▶ [PROBLEM]
Transcribe the listing that follows in full, omitting pictures.

(INFORMATION SHOWN begins)

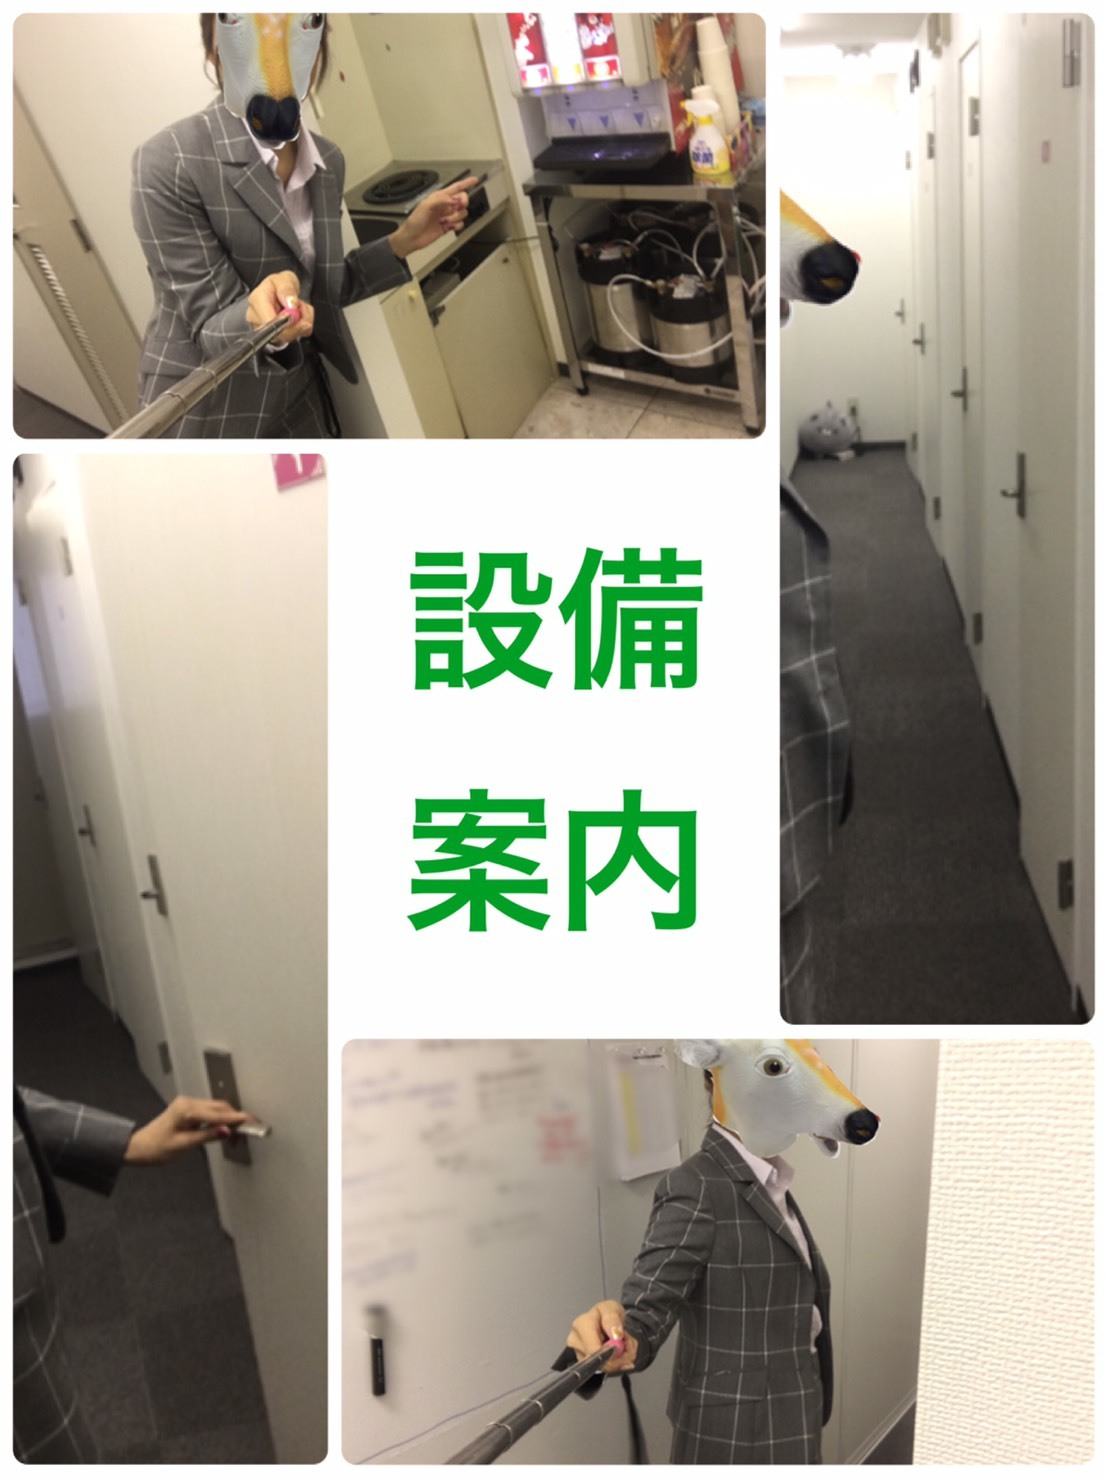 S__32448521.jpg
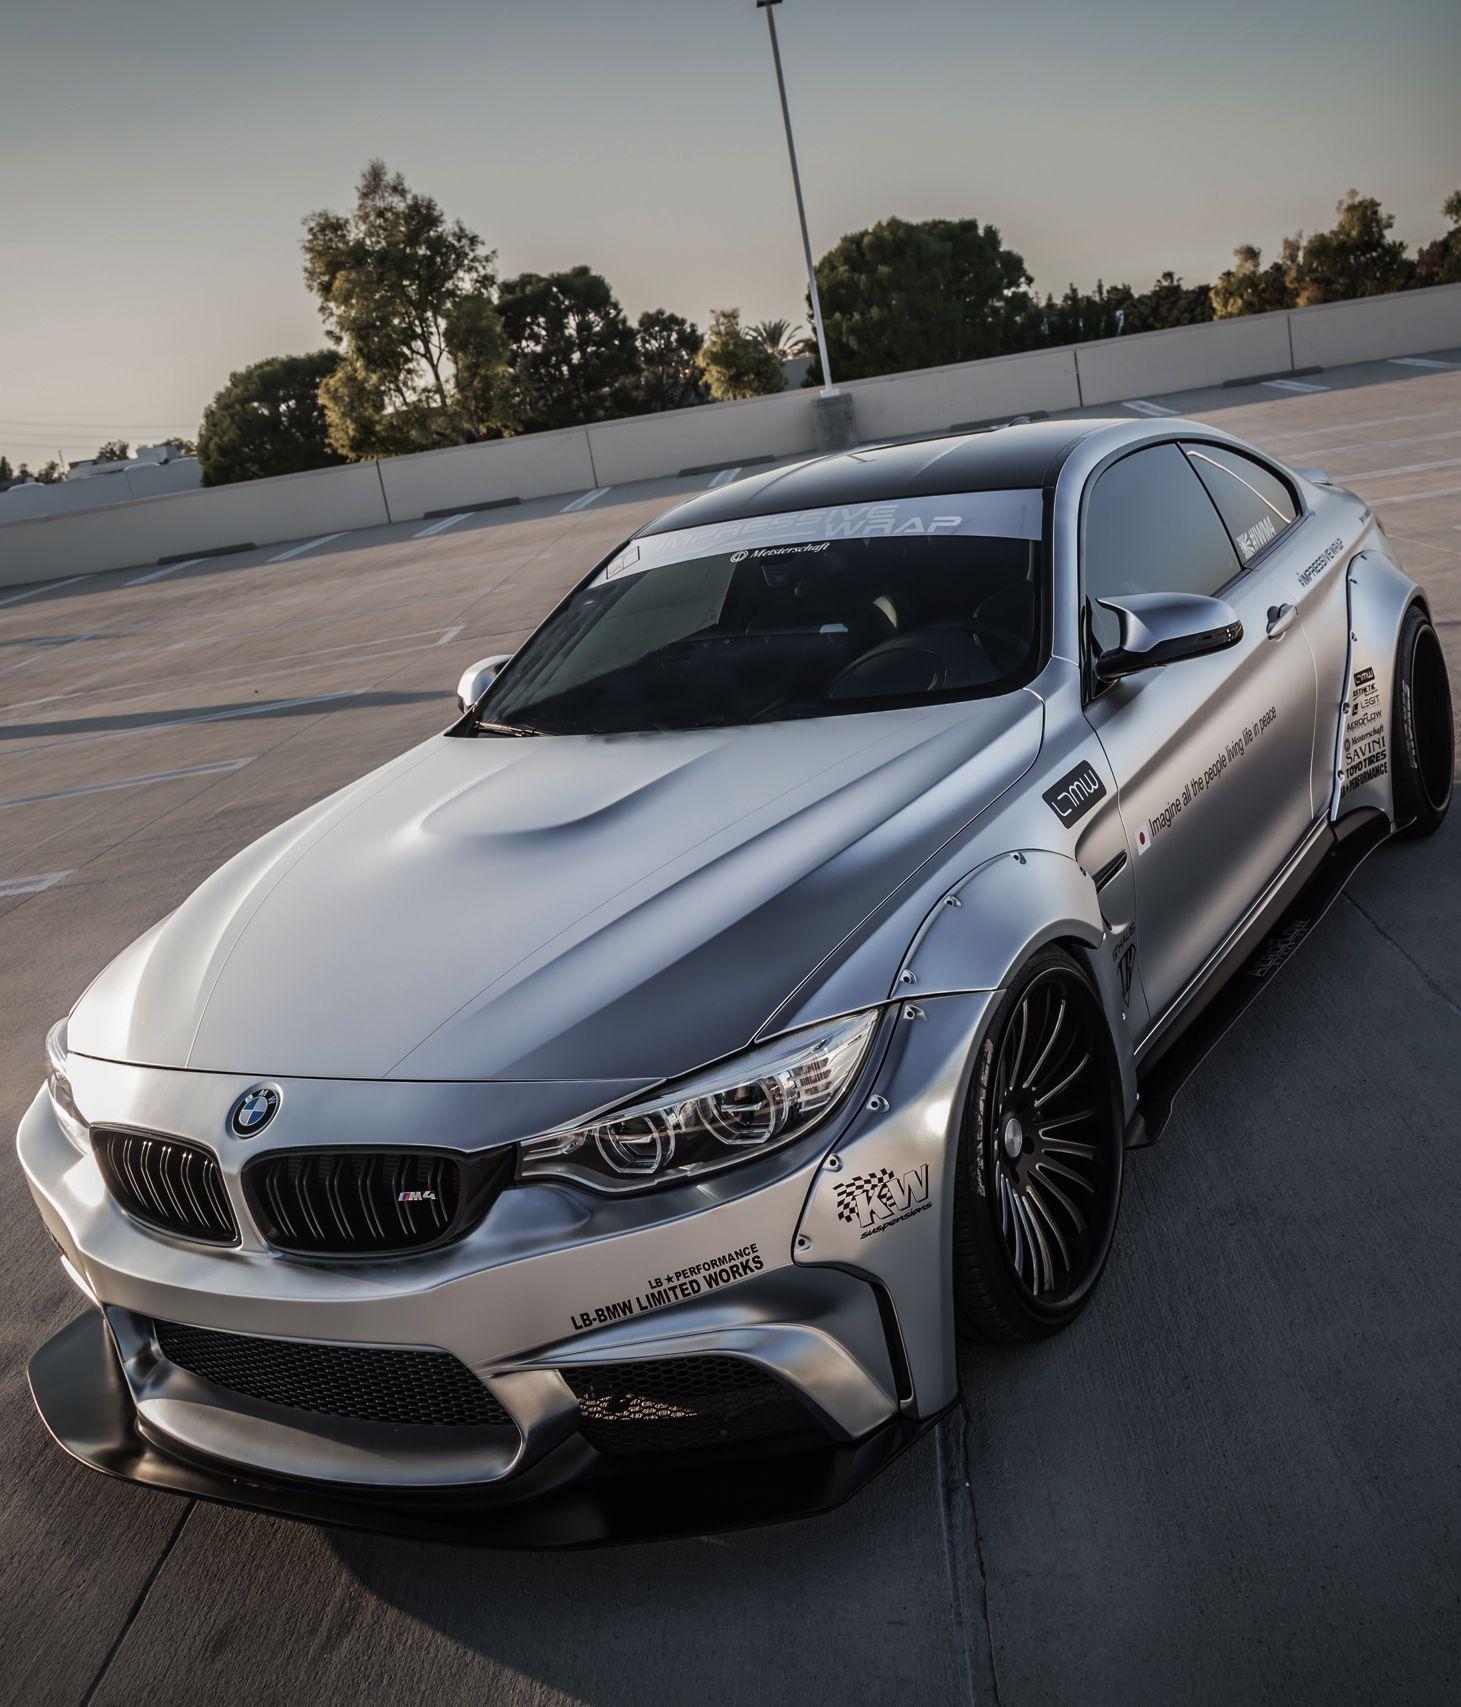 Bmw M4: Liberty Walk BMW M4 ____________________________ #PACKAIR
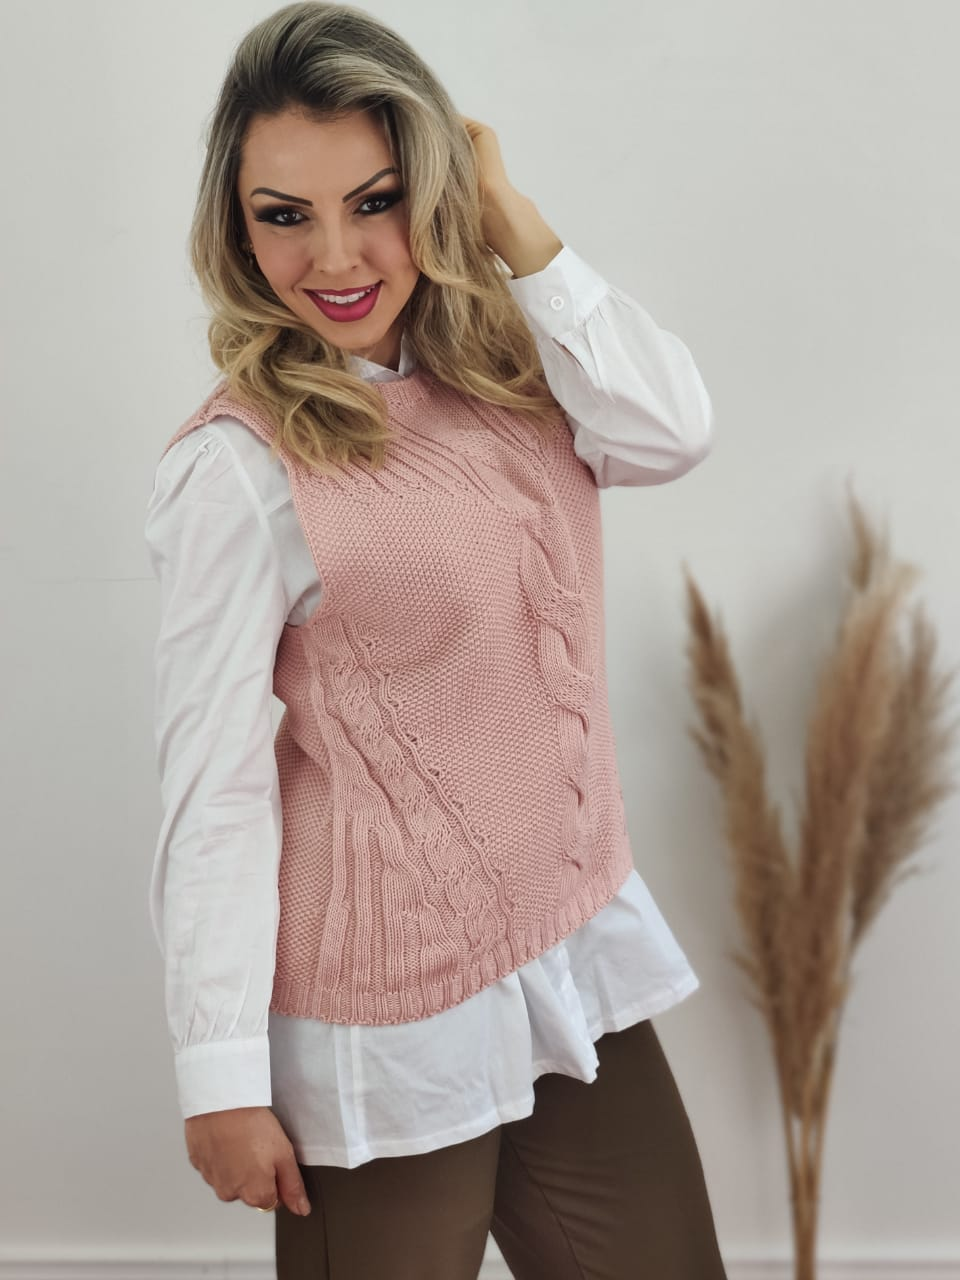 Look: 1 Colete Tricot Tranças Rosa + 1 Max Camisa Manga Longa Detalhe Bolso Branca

(INFORMATION SHOWN ends)

▶ [TASK OUTPUT]
 S__32448521.jpg
 Bmw M4: Liberty Walk BMW M4 ____________________________ #PACKAIR
 Look: 1 Colete Tricot Tranças Rosa + 1 Max Camisa Manga Longa Detalhe Bolso Branca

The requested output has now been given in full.